::: Collected data :::

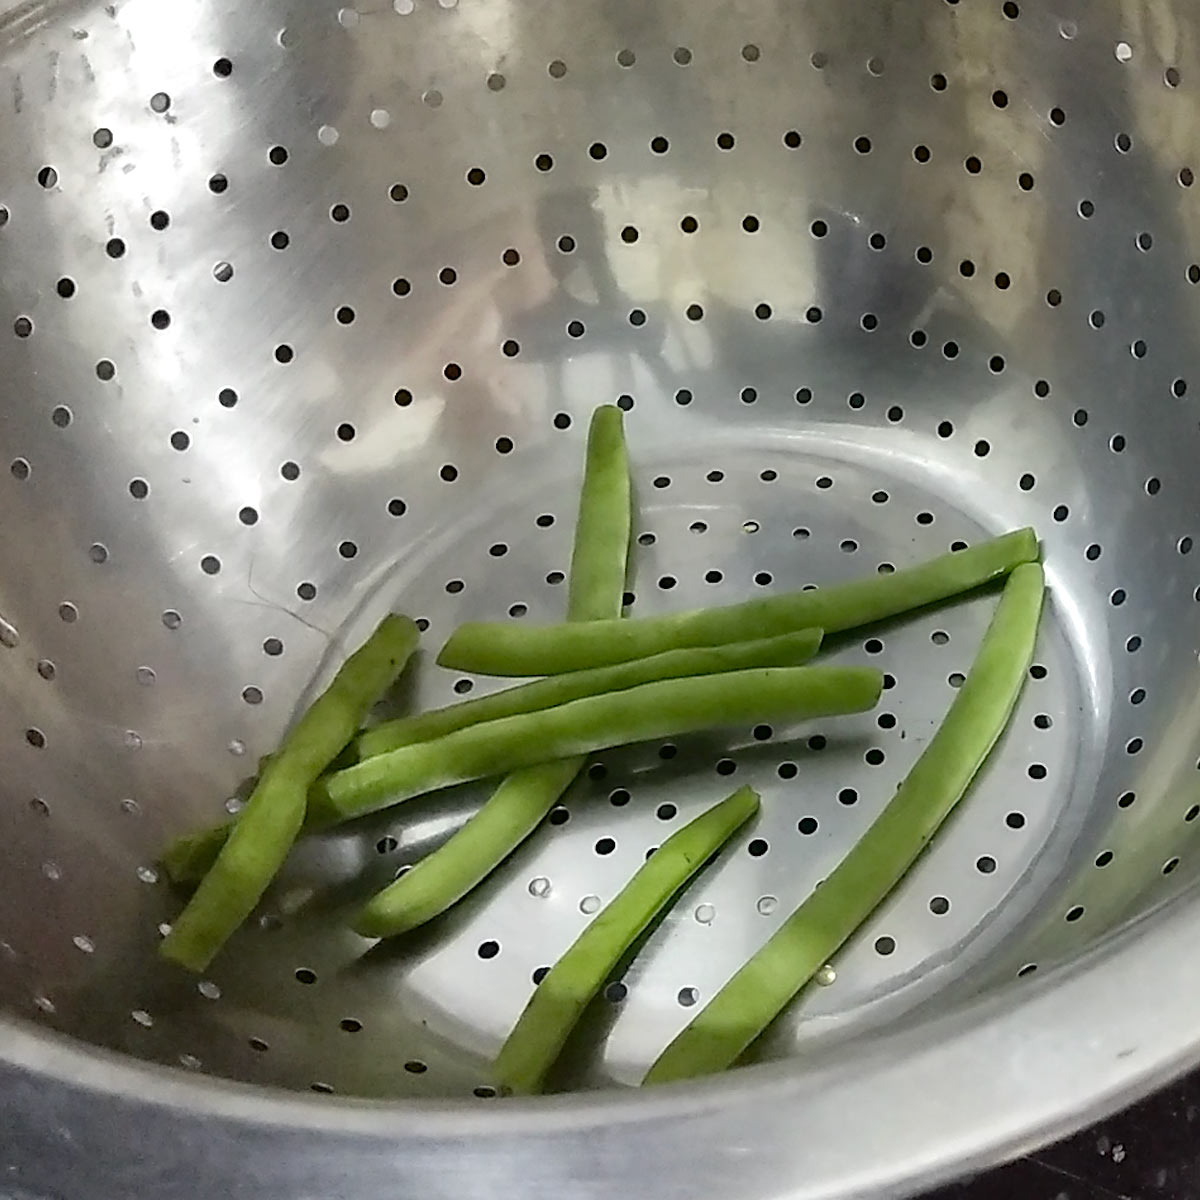 trimmed green beans
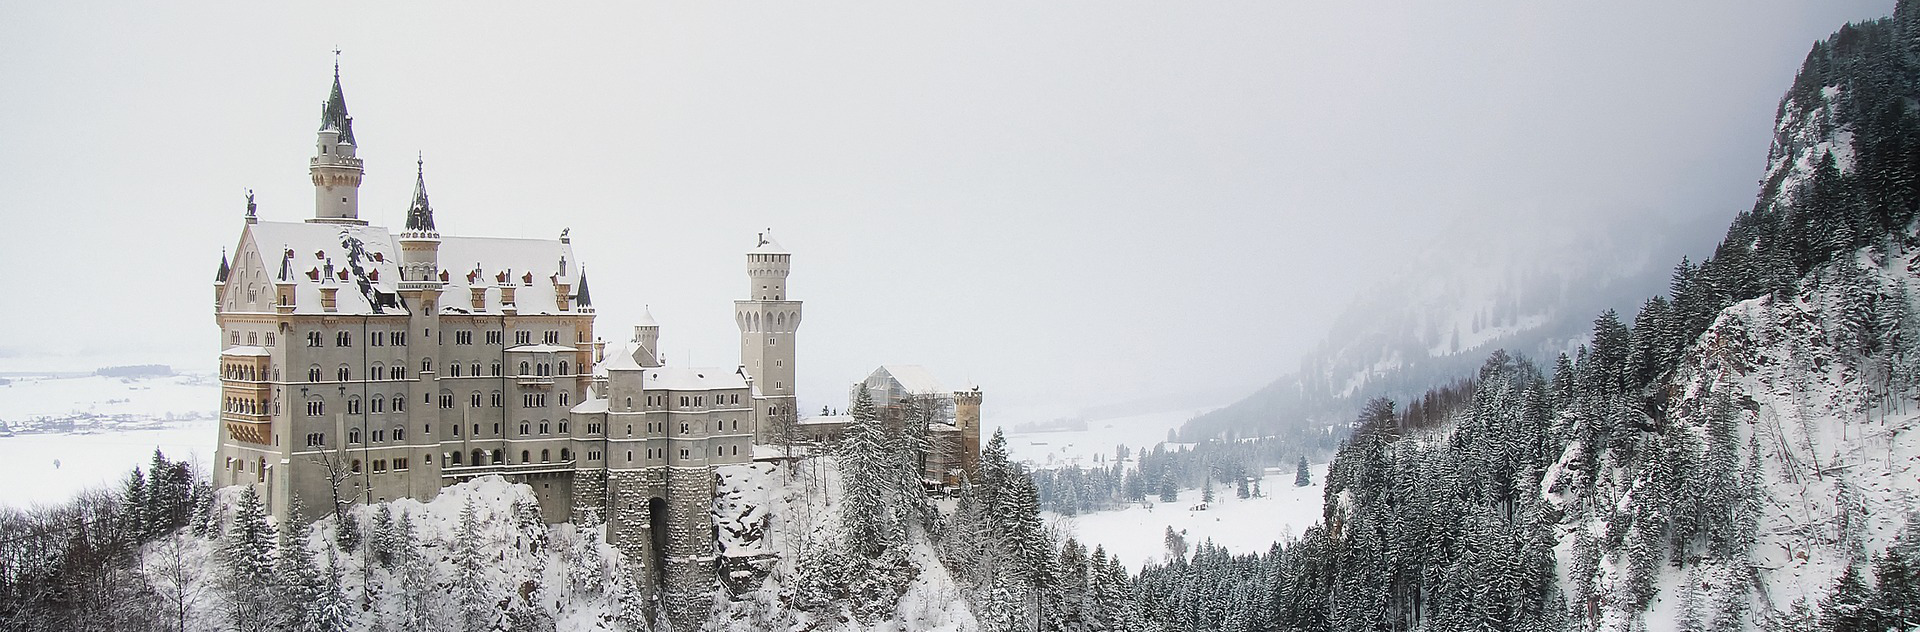 Neuschwanstein slott
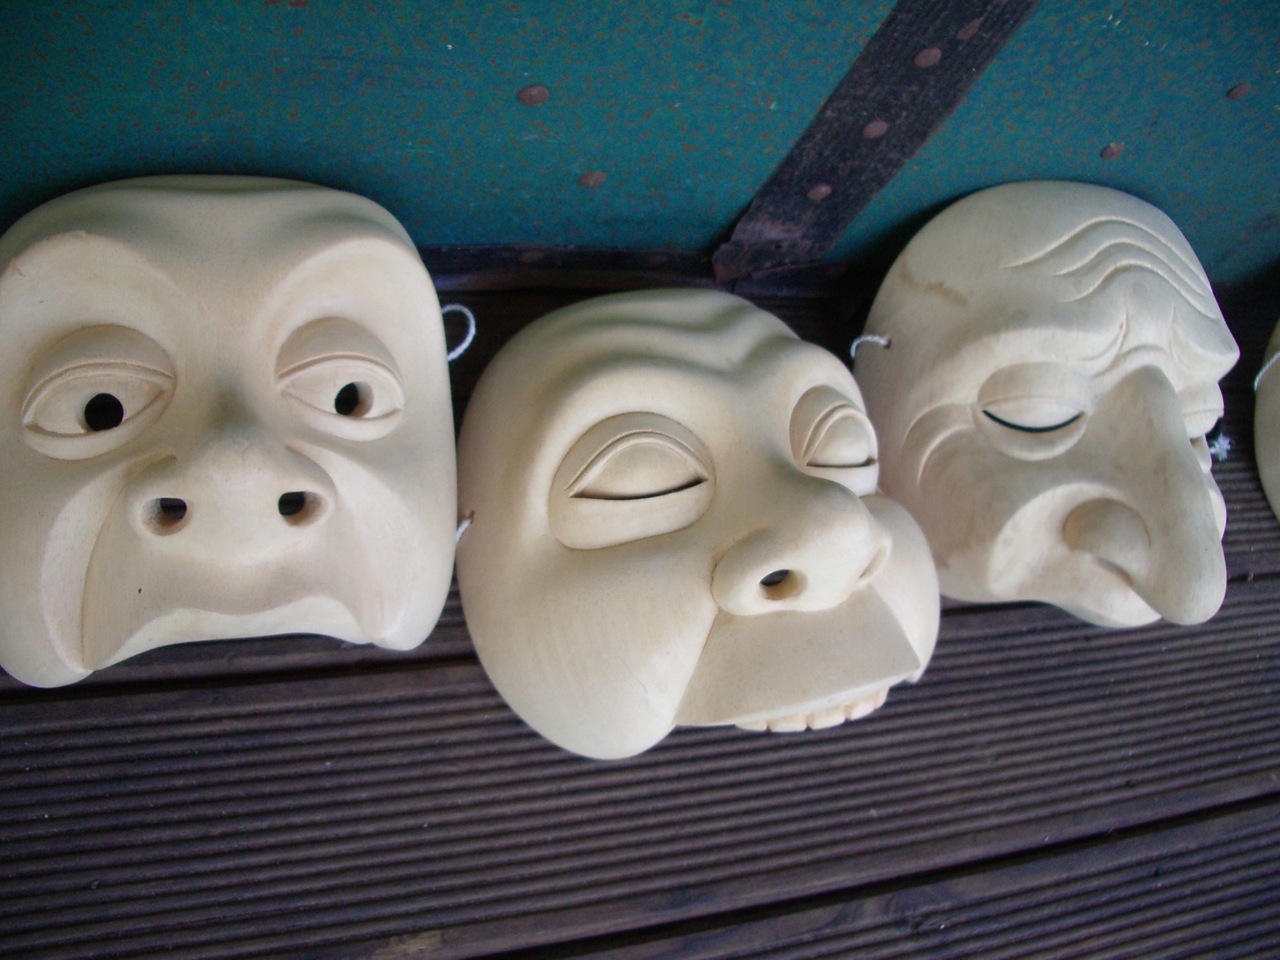 Pride, Gluttony and Envy: Masks by Bill Blaikie

:::

Description of the task: In your copy of the material, every word must match and no image should appear.

Result of the task:
 trimmed green beans
 Neuschwanstein slott
 Pride, Gluttony and Envy: Masks by Bill Blaikie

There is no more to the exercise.